WATCH: Jewish activist disrupts AIPAC breakout session: +972
Monday, March 5 2012|Roee Ruttenberg
WASHINGTON – Liza Behrendt, a 22-year old Jewish-American activist, accused the American pro-Israel lobbying group AIPAC and its supporting organizations of stifling debate on Israel and particularly on settlements.
On Sunday, the first day of the 2012 Annual Conference, Behrendt attended a breakout session called “The Struggle to Secure Israel on Campus.” Wayne Firestone, CEO of Hillel (the largest Jewish organization on American campuses) was among the speakers at the session. Behrendt accused Firestone’s organization of denying membership to her group (which criticizes Israeli occupation of the West Bank and the presence and construction of settlements on that land) while she was a student at the predominantly-Jewish Brandeis University in Boston. She said she was not allowed to speak about Israel at Hillel. The event was filmed and broadcast on youtube:
According to the group OccupyAIPAC, last year Firestone “issued controversial guidelines barring Hillel groups from partnering with organizations that support any facet of the BDS [Boycott, Divest, Sanction] movement or that lack a specifically Zionist stance.” After the incident, Behrendt told OccupyAIPAC:
I felt it was necessary to confront Wayne Firestone, whose condescending guidelines barred my Brandeis University chapter of Jewish Voice for Peace from joining Hillel last spring. Hillel’s guidelines are part of organized efforts to enforce an ideological status quo among young Jews on Israel, but they are completely out of touch with what’s happening among young people.

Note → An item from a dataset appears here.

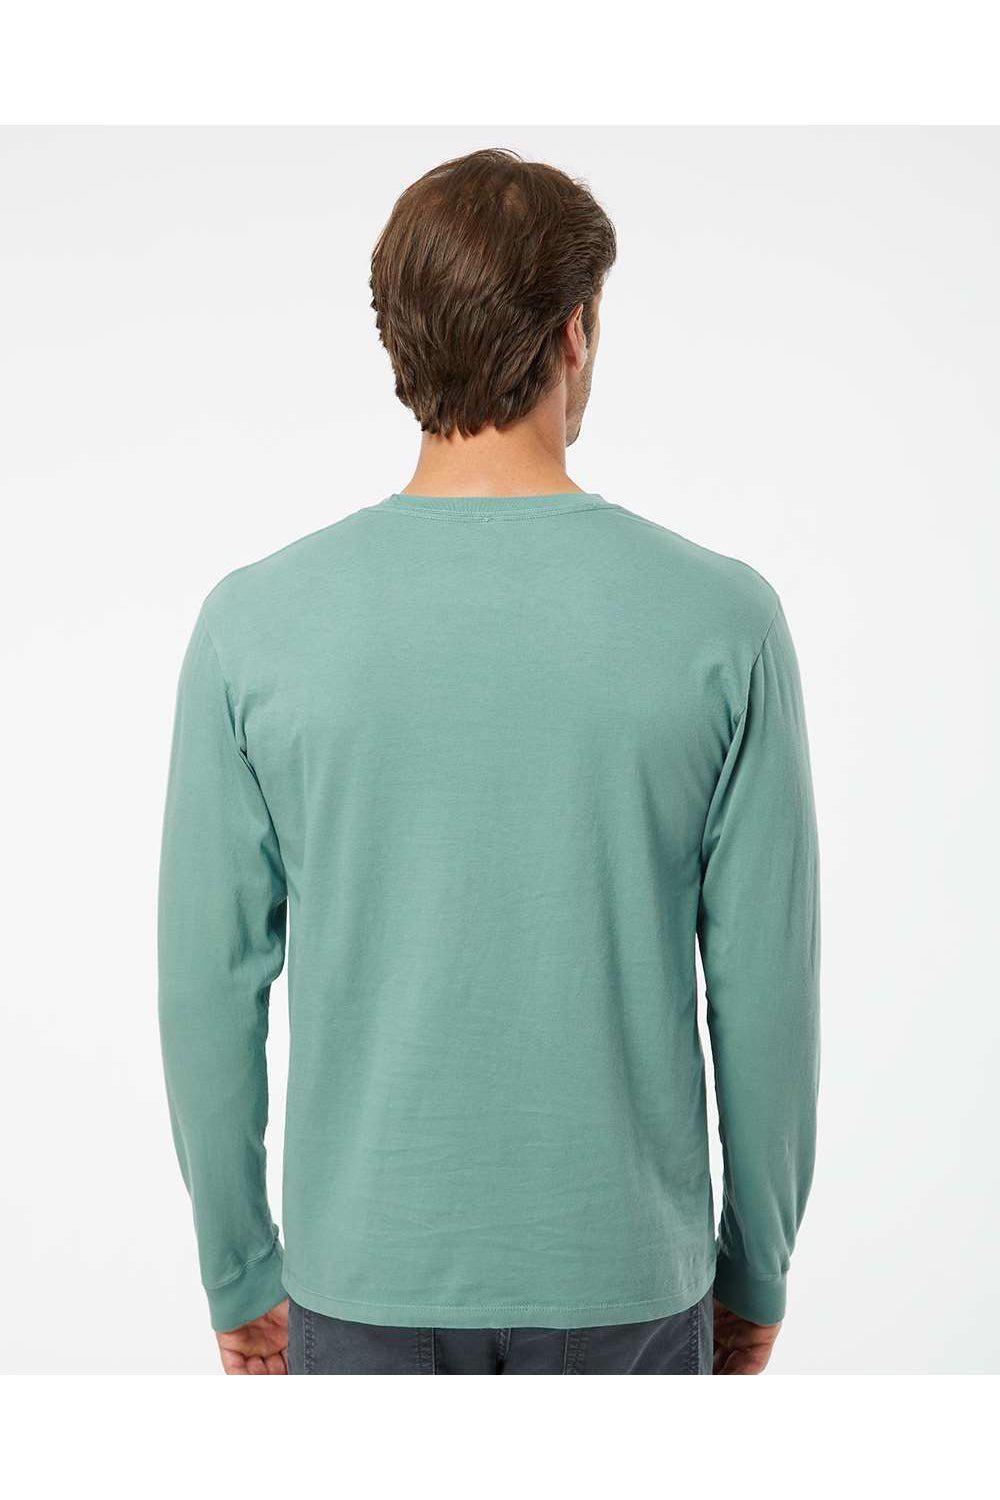 SoftShirts 420 Mens Organic Long Sleeve Crewneck T-Shirt Pine Green Model Back

Disruptions of AIPAC events by activists – even Jewish ones – are nothing new. However, the outbursts are usually reserved for big headlining events, like the speeches of Israeli Prime Minister Binyamin Netanyahu. AIPACers have gotten so used to the interruptions that they now collectively respond by instantly rising in applause to drown out the yelling activist. At the 2011 Conference, a number of activists who were critical of Israeli policy interrupted Netanyahu’s address before the AIPAC gathering, but were immediately escorted out — in a matter of seconds — by security. This footage I filmed last year shows one such incident:
The smaller breakout sessions are rarely interrupted, presumably for two reasons. First, admission to the AIPAC conference is relatively pricey. A ticket to the 3-day event costs about $400 per person, so if one is going to make a splash, one would likely want to do it in front of as many people as possible and as visibly as possible. There’s only one chance! Second, the interruptions at the keynote addresses are so frequent that, as a result, there is an abundance of security on-hand ready to drag the heckler out, much to the amusement of AIPACers. Im comparing the two clips above, one can note that Behrendt had a much longer window of time to state her case before security arrived. Even the small number of people in that particular breakout session were caught off-guard by the action.
Sadly, most of the people at AIPAC who saw this incident or, more likely, heard about it from someone else, will completely ignore the point of what Behrendt was saying. Namely, the American Jewish community is defensive when it comes to tackling the real moral issues facing Israel. These debates are frequently happening within Israeli societies and, of course, on websites like +972, but most American Jews are made uneasy by outbursts like these. They find themselves under attack, which, ironically, feeds into the narrative they are being fed.
One may disagree with the tactic used to raise such an issue, but that does not negate the subject or its merits. As 972′s Ami Kaufman pointed out, missing from President Barack Obama’s speech on Sunday was any real recognition of the more urgent issues facing Israel. Syria was practically a non-issue, and the word “Palestinian” was only uttered by President Obama five times. And this isn’t new: Iran has been the top issue on the AIPAC agenda for the last half-decade. So why are American Jews not demanding these conversations? Why are they not insisting that these issues be addressed by their leaders? So long as that continues to happen, activists like Behrendt are vital. Even if you don’t like they way they are saying it, at some point you have to at least try to listen to what they are saying.